DOGE Has Consultant Cabal on the Run

Fresh from a run through federal agencies that saw budgets (and heads) exploding all over Washington, Elon Musk and the DOGE team have turned their Starlink satellite and aimed its powerful laser at the most inflated portion of the unofficial “shadow” bureaucracy: government consultants. This has the biggest names in the business – like Booz Allen Hamilton, Deloitte, and IBM – getting nervous, and with good reason.

 

 

I’ve seen the contracting game from all sides: working as the White House Chief Information Officer, doing major corporate consulting myself, and running my own cybersecurity firm. It’s long past time for this entire ecosystem to be shaken up and rearranged. Once again, DOGE is shining a light on how taxpayers are being taken for a ride. The new acting head of the General Services Administration, which is supposed to coordinate federal contracts, recently revealed that the top ten consulting firms are set to get more than $65 billion in taxpayer money in the coming years, and has put them on notice to account for it all by the end of this week. One of those companies, Booz Allen Hamilton, reportedly depends on federal contracts for 98% of its $11 billion revenue.

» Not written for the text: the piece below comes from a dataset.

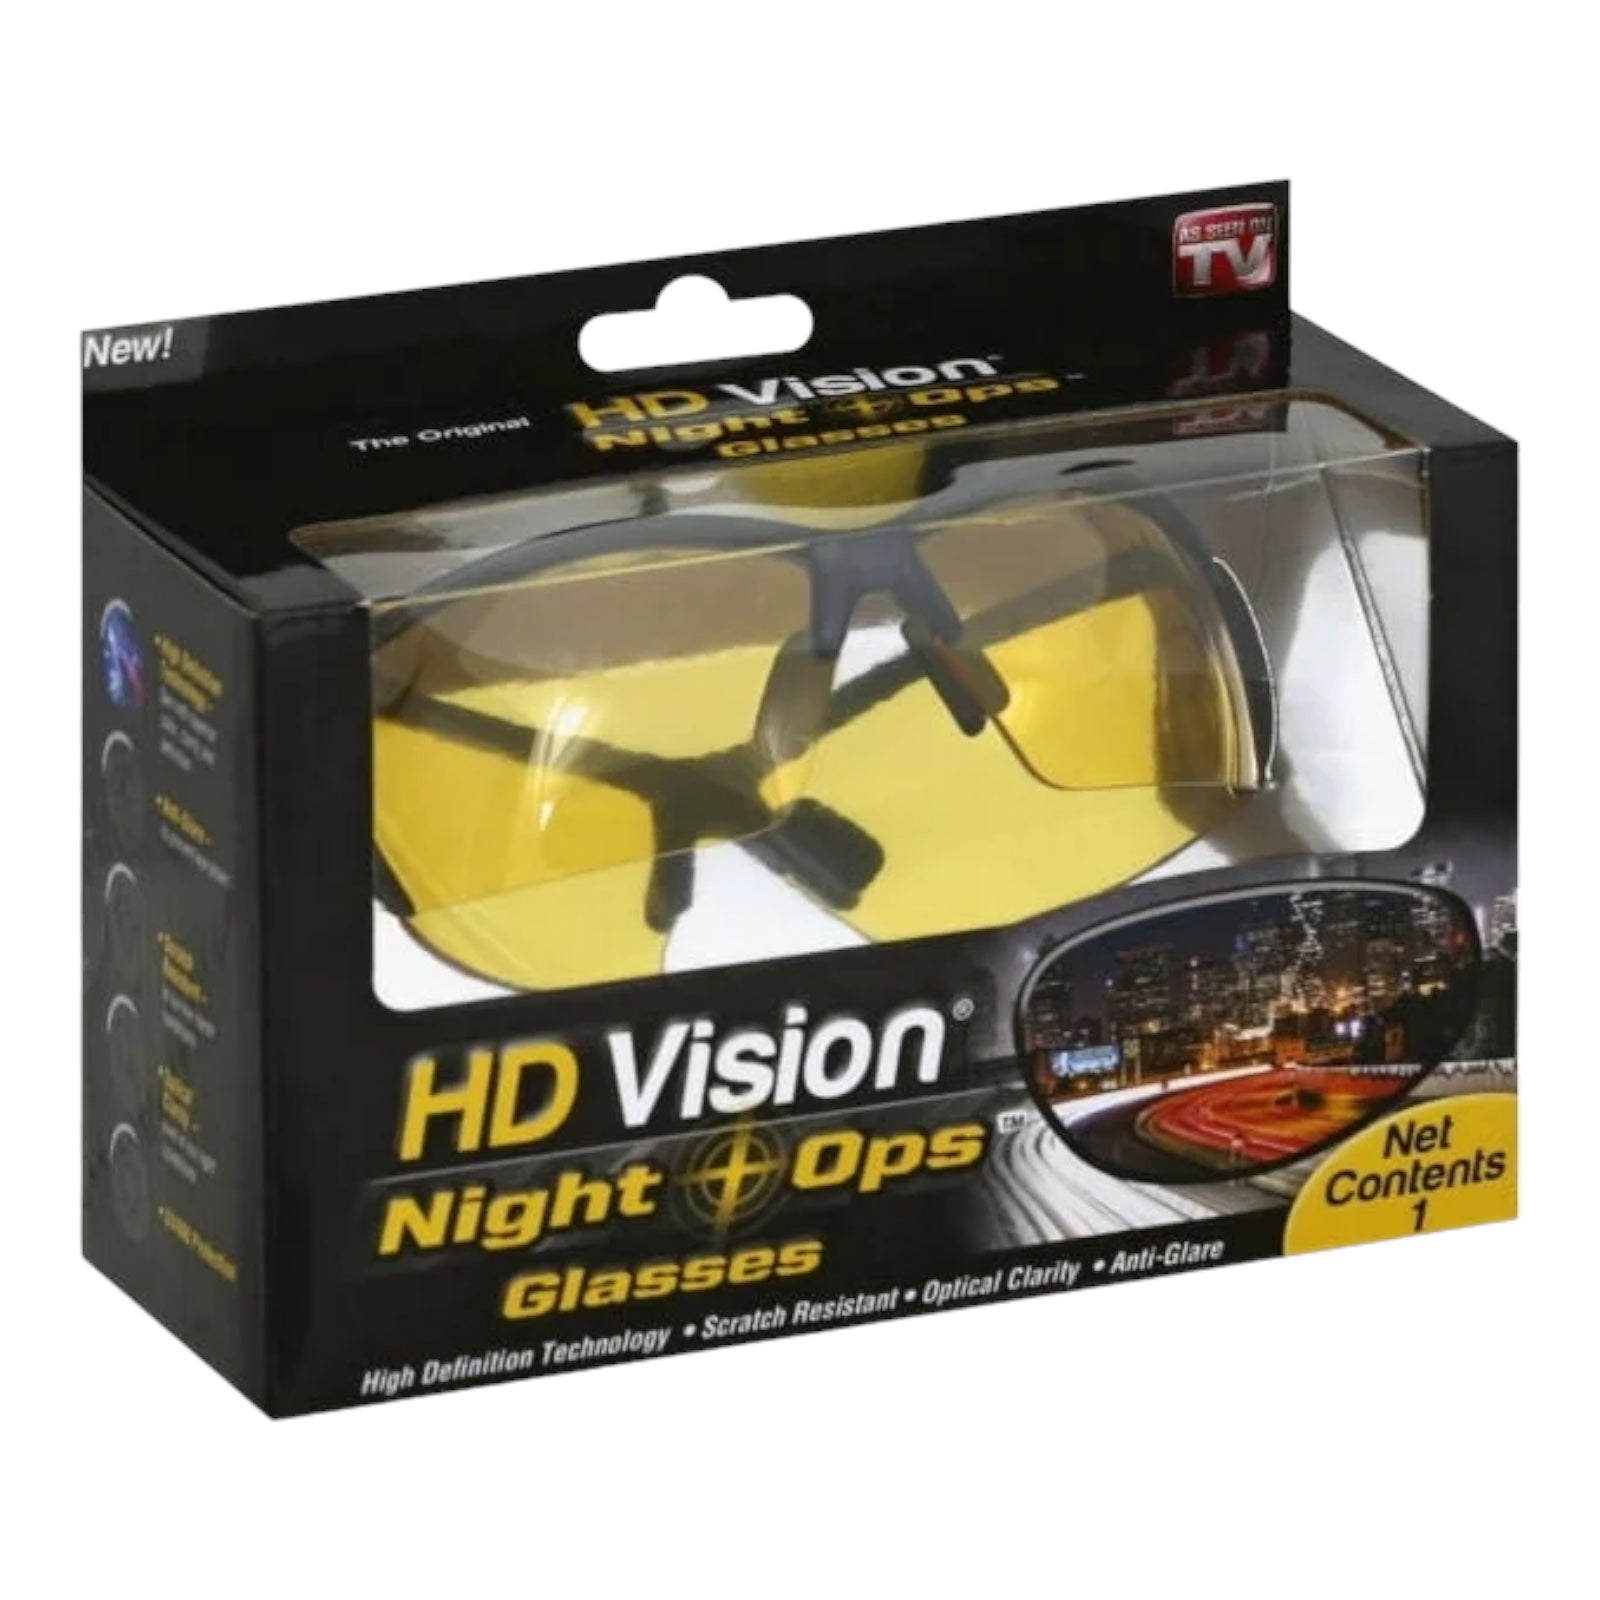 Night Ops HD Vision Sunglasses - Black Unisex Adult with Clear Focus Lenses

The same big guys (and it’s mostly guys – as the first woman White House CIO, I was often the only woman in the room) have hogged the trough for far too long. That doesn’t mean there’s no place for the major firms. But as the wife, daughter, and granddaughter of military veterans, I think of it like military strategy. BAH and firms at that level are like a navy’s capital ships – the major nuclear aircraft carriers. They’re important, but we can’t win wars with them alone. Special Forces win wars too – and there’s an entire world of smaller, more nimble consulting firms that can operate quickly and efficiently, much like Navy SEALS, to deliver what the government needs while saving taxpayers money.

Executives from BAH, Guidehouse, and other consultancies have reportedly rushed to meet with Trump administration officials to justify their massive paydays, an argument they’re cynically calling “defend the spend.” This week, DOGE has a once-in-a-generation chance to shake up the sclerotic contracting system to take advantage of all the different specialized teams the consulting world has to offer, instead of over-relying on unwieldy behemoths.

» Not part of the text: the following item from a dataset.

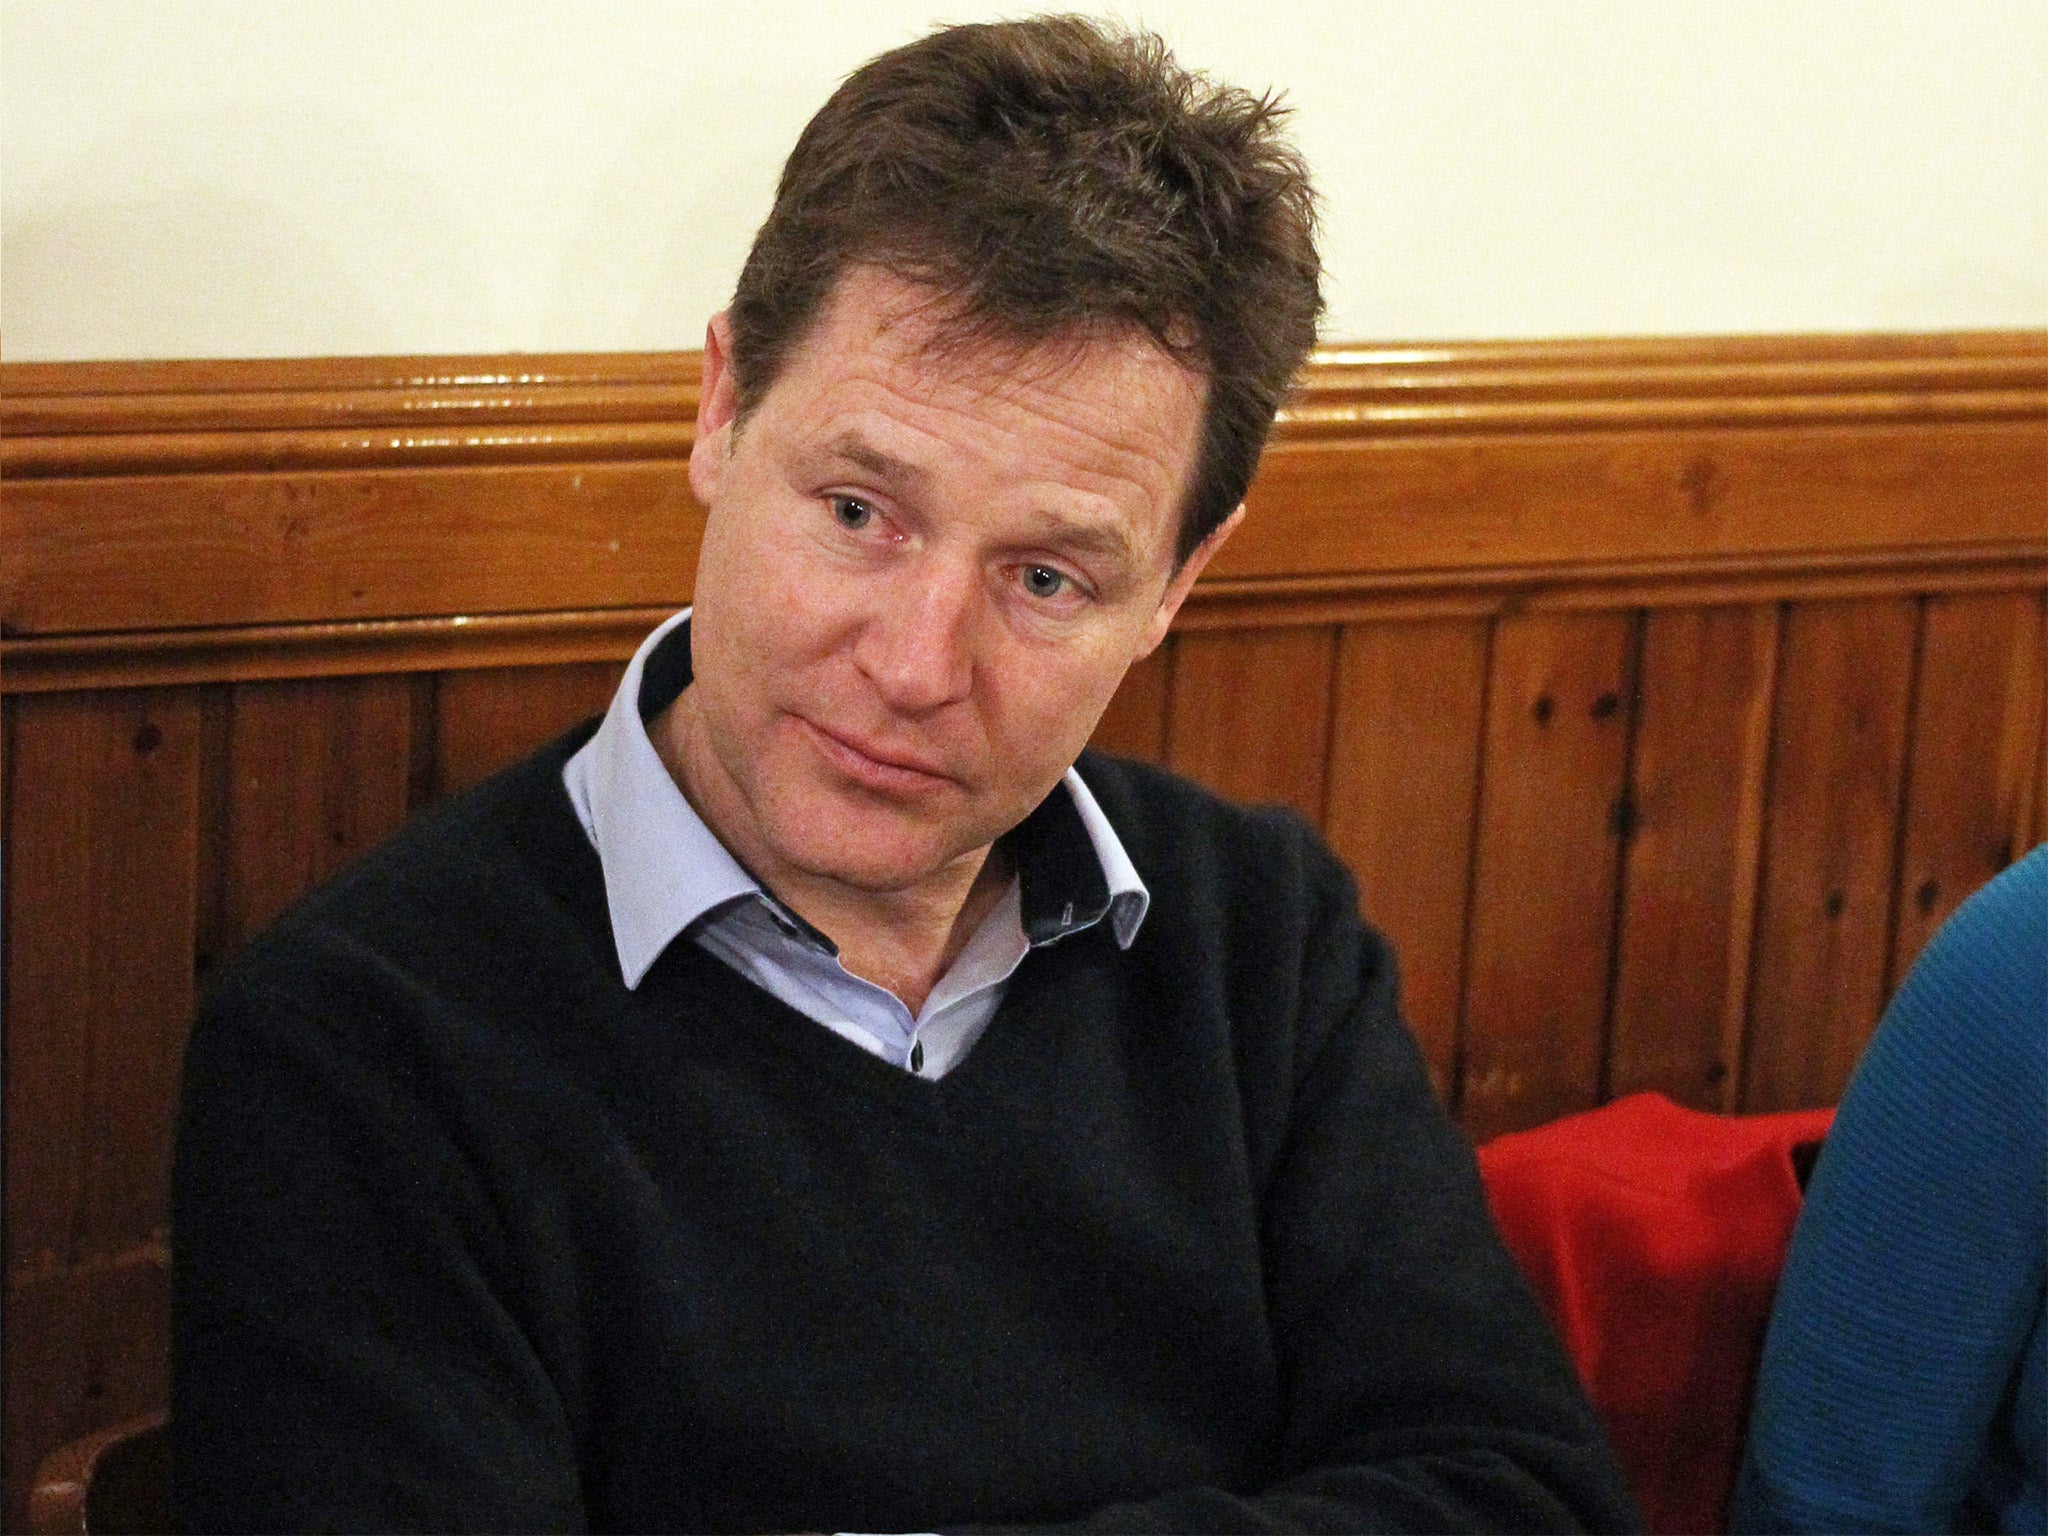 Nick Clegg on the campaign trail in Glasgow on Wednesday; he says education is his top priority

From a security perspective, Booz Allen’s reliance on the government for 98% of its business should stun everyone. That’s billions of dollars’ worth of important government information all housed on the same systems. A major hack at BAH could prove devastating. Systems become more resilient when you spread the load. Diversify the consultant pool further, and you lessen the risk of catastrophe if any one player is compromised.

While large firms can serve as steadying anchors, smaller businesses have the ability to move much faster. That means that instead of plotting expansion and personnel changes sometimes years in advance, we can start hiring as soon as we get a contract, and usually deliver results with a faster turnaround. The Pentagon showing greater interest in working with Anduril in addition to the big-name defense contractors shows this administration is willing to listen to different voices to advise on innovation. When a company like BAH has $11 billion in revenue (more than the GDP of several countries), failing to do their job – that is, failing to fulfill their mission for taxpayers – comes with less risk. Smaller businesses know they have less cushion to fall back on, and work harder to make every dollar count.

Making the big firms account for themselves is a great way to reform the consulting space, but there are separate actions the government can take that will make more companies of all sizes more competitive. The more red tape involved in the procurement process, the harder it is for smaller firms to compete. The big ones have armies of lawyers to cut through the regulatory jungle. But the answer is to make those lawyers less necessary by cutting red tape in the first place.

Josh Gruenbaum, the top official managing procurement at GSA, comes from the private sector and no doubt understands this. His office can set new rules to clear the field. All the justification for this anyone needs can already be found in the Small Business Act, whose enforcement mechanisms have been historically lacking.

The current system is a creaking relic – overloaded with giants, underpowered by waste. I can hear my Marine Corps grandfather and dad saying: “Improvise, adapt, and overcome.” The way we do that is by letting DOGE light a fire under the giants, recalibrate procurement, and empower smaller businesses to build the nimbler, more resilient, and more efficient consulting system a 21st-century world power truly needs.